Halogen Displacement

Halogen displacement reactions showcase the competition between halogens to form compounds by displacing another. When a more reactive halogen comes into contact with a halide, it can "kick out" the less reactive halogen from its compound. The displaced halogen is released as a free element.
This concept is evident in the given example of chlorine and sodium bromide, where chlorine (\(Cl_2\) ) displaces bromine (\(Br_2\) ) from sodium bromide (\(NaBr\) ).
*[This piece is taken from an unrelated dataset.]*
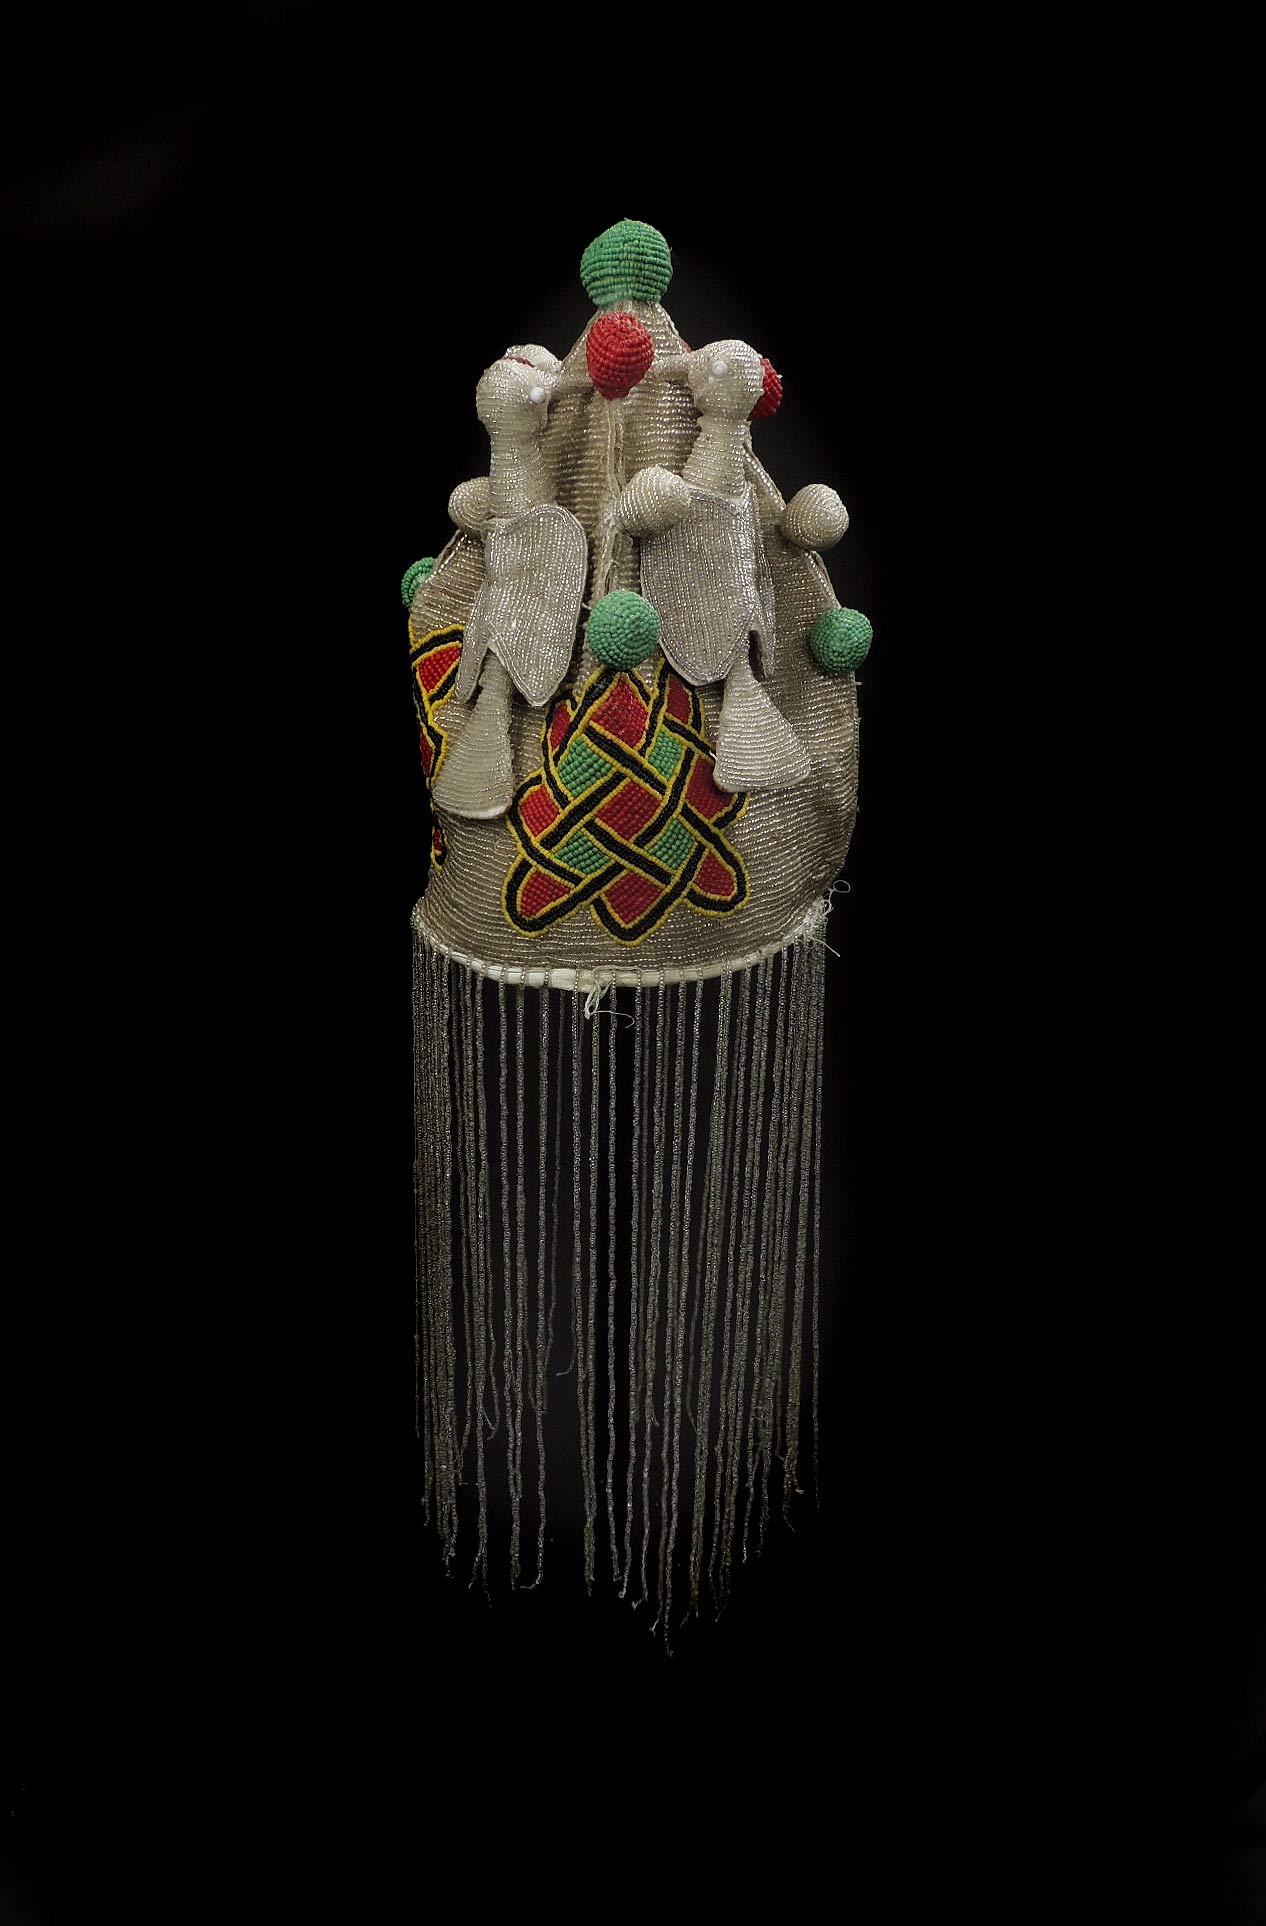 Yoruba Beaded Crown Nigeria African Art - Yoruba - African Beadwork
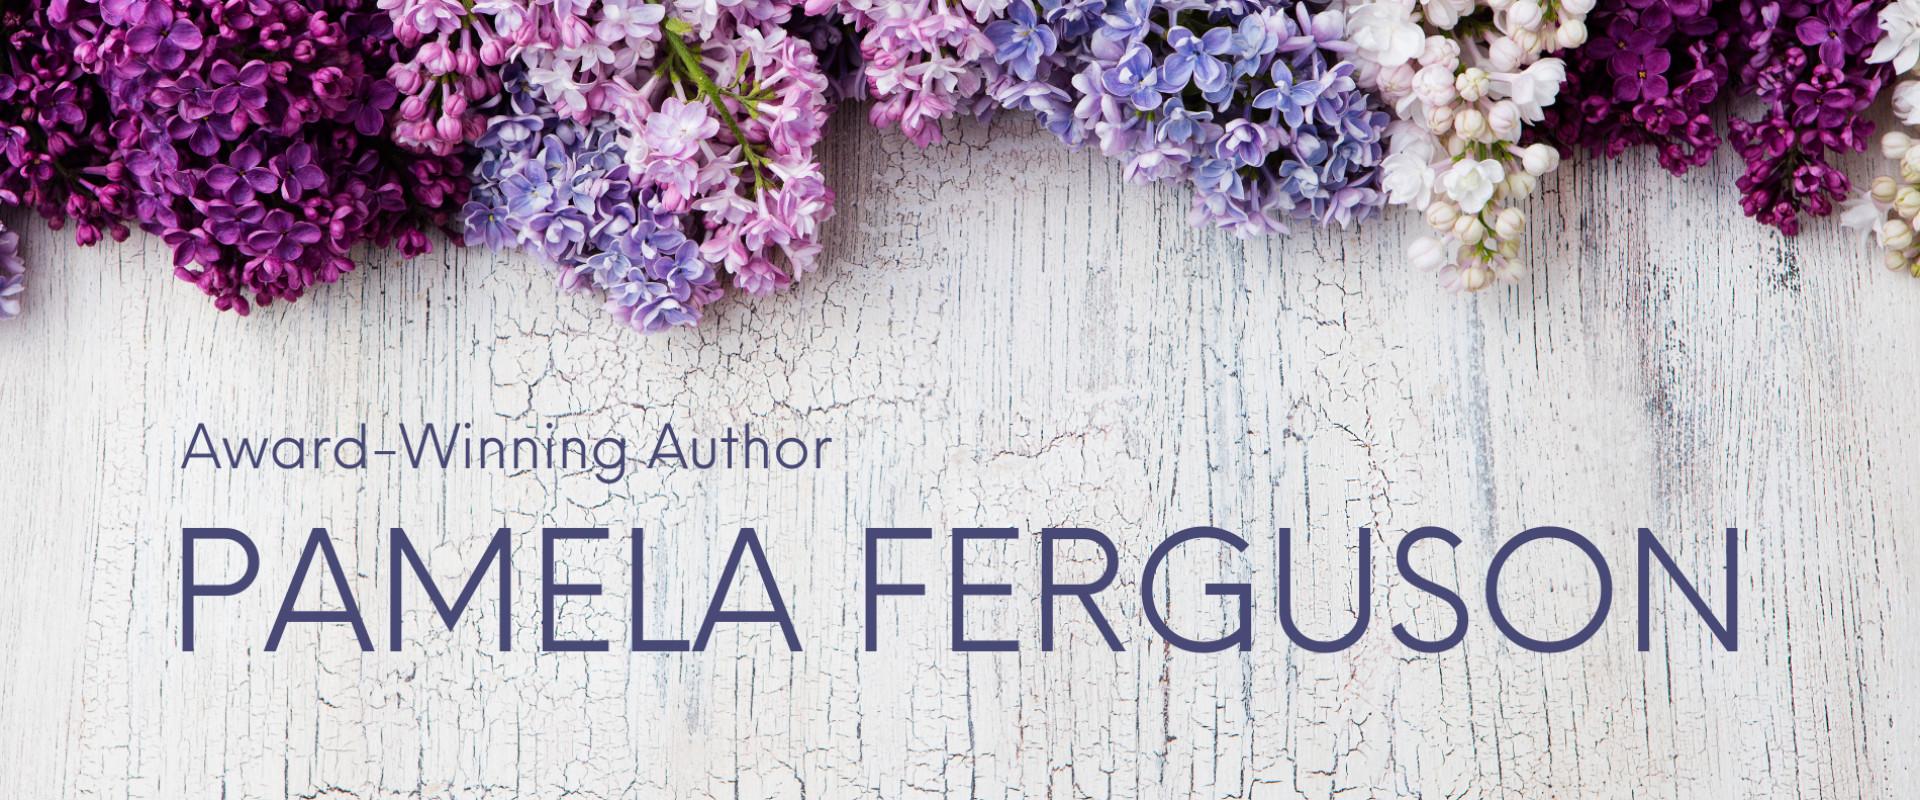 Pamela Ferguson

Chlorine, being more reactive, ends up forming sodium chloride (\(NaCl\) ), while bromine is liberated.

• Reactive halogen displaces a less reactive halogen from its salt.
• Displacement follows the order of the activity series of halogens.
• Demonstrates chemical reactivity and bonding preference.

Reactivity of Halogens

The reactivity of halogens is an important concept in understanding how different halogens will act in chemical reactions. Halogens are ranked based on their ability to displace each other from compounds, which can be visualized in an "activity series." Generally, the activity decreases as you move down the group in the periodic table.
In our case, chlorine, bromine, and iodine demonstrate this pattern. Chlorine is the most reactive of the three and is capable of displacing both bromine and iodine. Bromine can displace iodine, but not chlorine. Iodine is the least reactive, making it the most stable when mixed with other halides.

• Activity series: Chlorine > Bromine > Iodine.
• Reactivity determines halogen displacement ability.
• Higher reactivity means a higher tendency to form compounds and displace other halogens.